Teman2 dan banyak orang yang saya tak kenal tau banget saya mendukung capres yang mana. Tentu saja dari postingan2 saya di akun2 jejaring sosial saya. Saya sendiri tak suka membaca postingan2 politik terlebih-lebih yang menyudutkan capres usungan saya.Itu sebabnya untuk sementara ini saya puasa melihat home stream saya. Takut terbakar api lalu malah jadi malu2in. Kalau saya harus melihat status kawan2, saya melihatnya langsung di wall mereka. Meski tak melihat home stream, saya tetap tak bisa menolak hasrat untuk berkampanye. Paling tidak, kalau memang capres yang saya unggulkan tak menang, orang tau saya sudah berjuang mendukungnya. 

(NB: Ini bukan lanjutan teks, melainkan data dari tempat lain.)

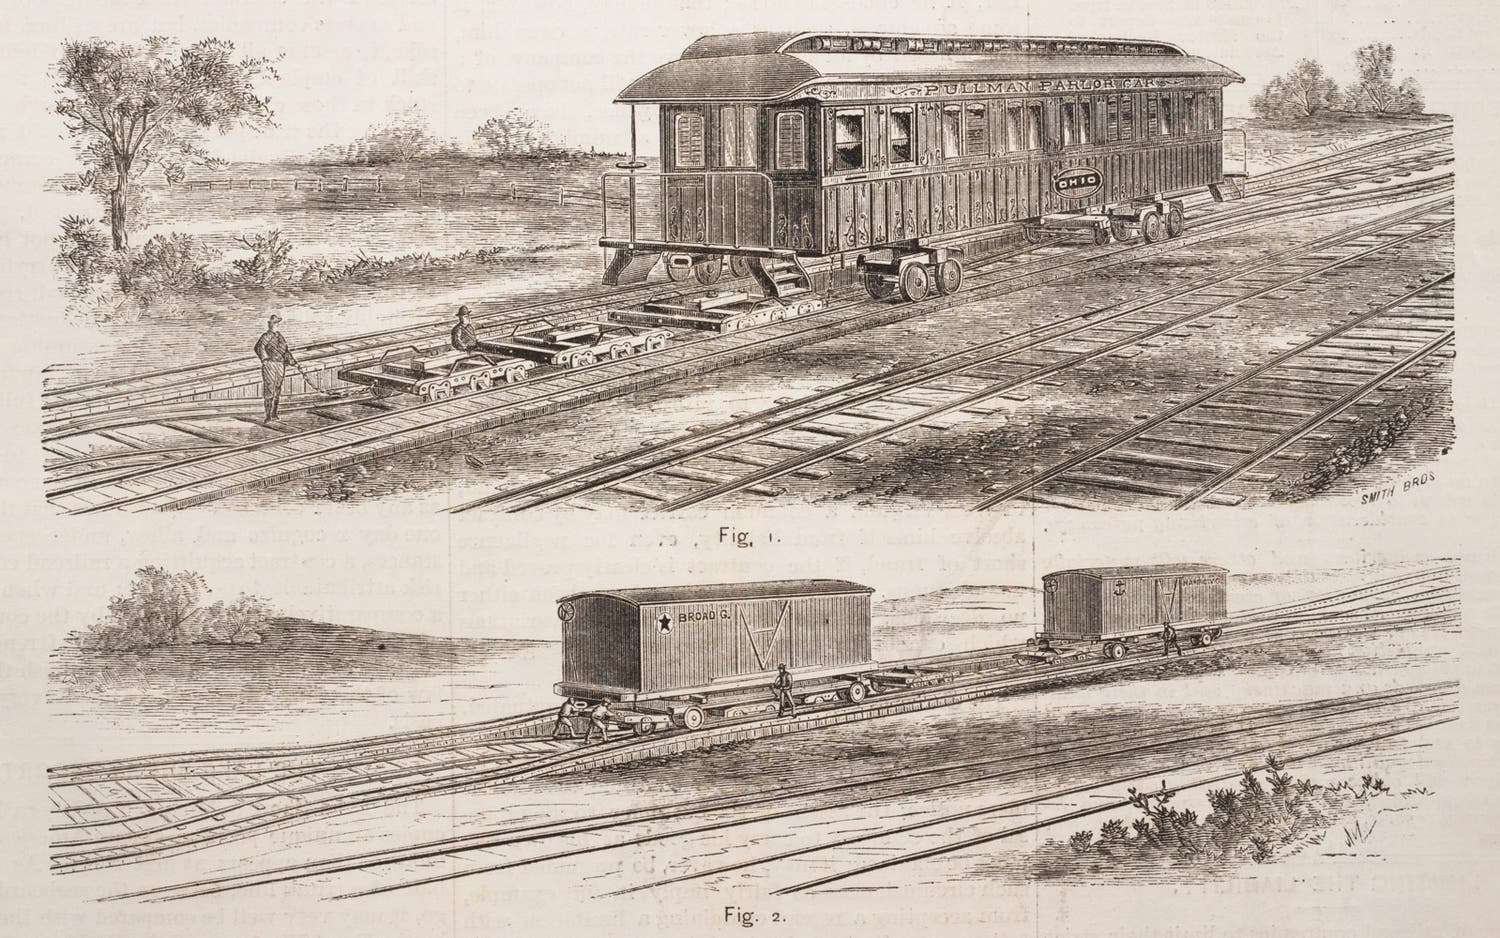 One remedy for switching gauges was the Ramsey Car Transfer Apparatus.  Instead of hoisting the cars off the trucks, the tracks were lowered and trucks with wheels of a different gauge were attached.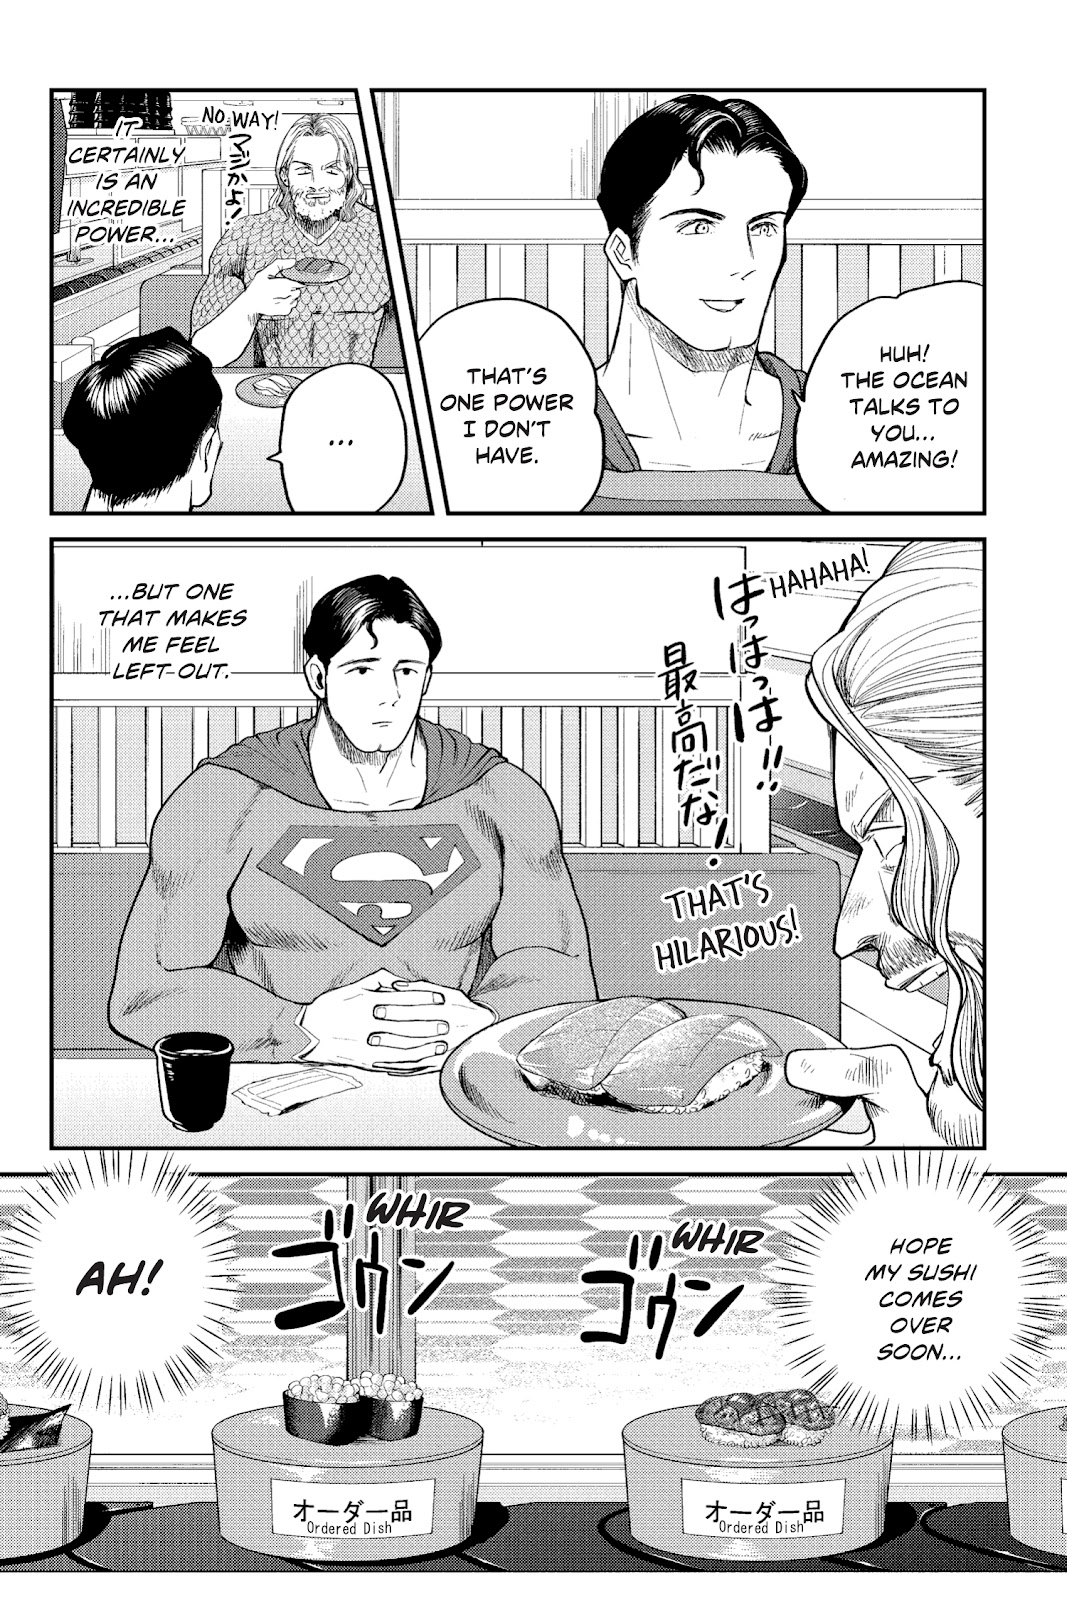 Superman vs. Meshi issue 6 - Page 9

Lucunya, saya perhatikan, banyak teman yang sepanjang saya ber ‘kampanye’ menjadi gerah dan marah. Ngakunya bukan karena judul postingan saya, karena memang saya tak pernah menghujat dengan kejam dan kasar, tapi karena debat yang mengiringi postingan saya itu. Debat antara pendukung capres A dan capres B. Yang membuat suasana tambah panas adalah karena setiap kali postingan saya di komentar orang, statusnya di stream kawan naik menjadi yang paling atas. Begitu terus berulang-ulang. Mereka yang membaca, mengaku ikut panas hati dengan komentar2 yang muncul meskipun mereka yang panas hati itu tak memihak siapapun. 

Beberapa pendukung saya lebih banyak memilih aksi diam dan ‘like’ daripada memback up saya ketika diserang kubu lawan. Hahahaha. Saya perhatikan juga tak semua kawan yang saya tahu senada dengan saya berani mem-posting postingan2 berbau politik. Alasan mereka: situasi politik sudah sangat panas; they can’t stand the heat! 

Saya sendiri sudah banyak menerima protes saudara atau kawan supaya berhenti berkampanye karena suhu politik yang sudah tak sehat lagi. Tapi semakin dikekang, semakin saya penasaran menunjukkan kenapa saya memilih si B. Saya pikir, saya sudah di “hide” pasti dari stream kawan2 yg gerah dengan postingan2 politik saya. Lucunya bermunculan orang2 yang saya tak kenal.. yg me ‘like’ postingan saya. Atau orang2 yang jelas bersebrangan dengan saya  yang ujuk2 me-like postingan saya. Ada kawan yang rajin me-like postingan politik saya, tapi ketika saya pakai kacamata dan memperhatikan pp barunya, rupanya saudara;  dia memihak capres yang tidak saya dukung. 😀 Lucunya lagi, saya harus hati2 terhadap pujian karena kalau pujian itu datang dari pihak lawan, bisa berarti sindiran hahahahaha

Permintaan pertemanan juga bertambah disamping aksi “unfriend” beberapa kontak :D. But it doesn’t matter at all. I do what I want.. I do what I like… so do they….

Tapi sejalan dengan pesan Pak Jokowi supaya santun berkampanye dan sejalan dengan karakter saya juga, semua debat diakhiri dengan sopan. Tak ada sakit hati, kawan tetap kawan, saudara tetap saudara. Bagaimanapun perbedaan pikir dan perbedaan pendapat itu sah.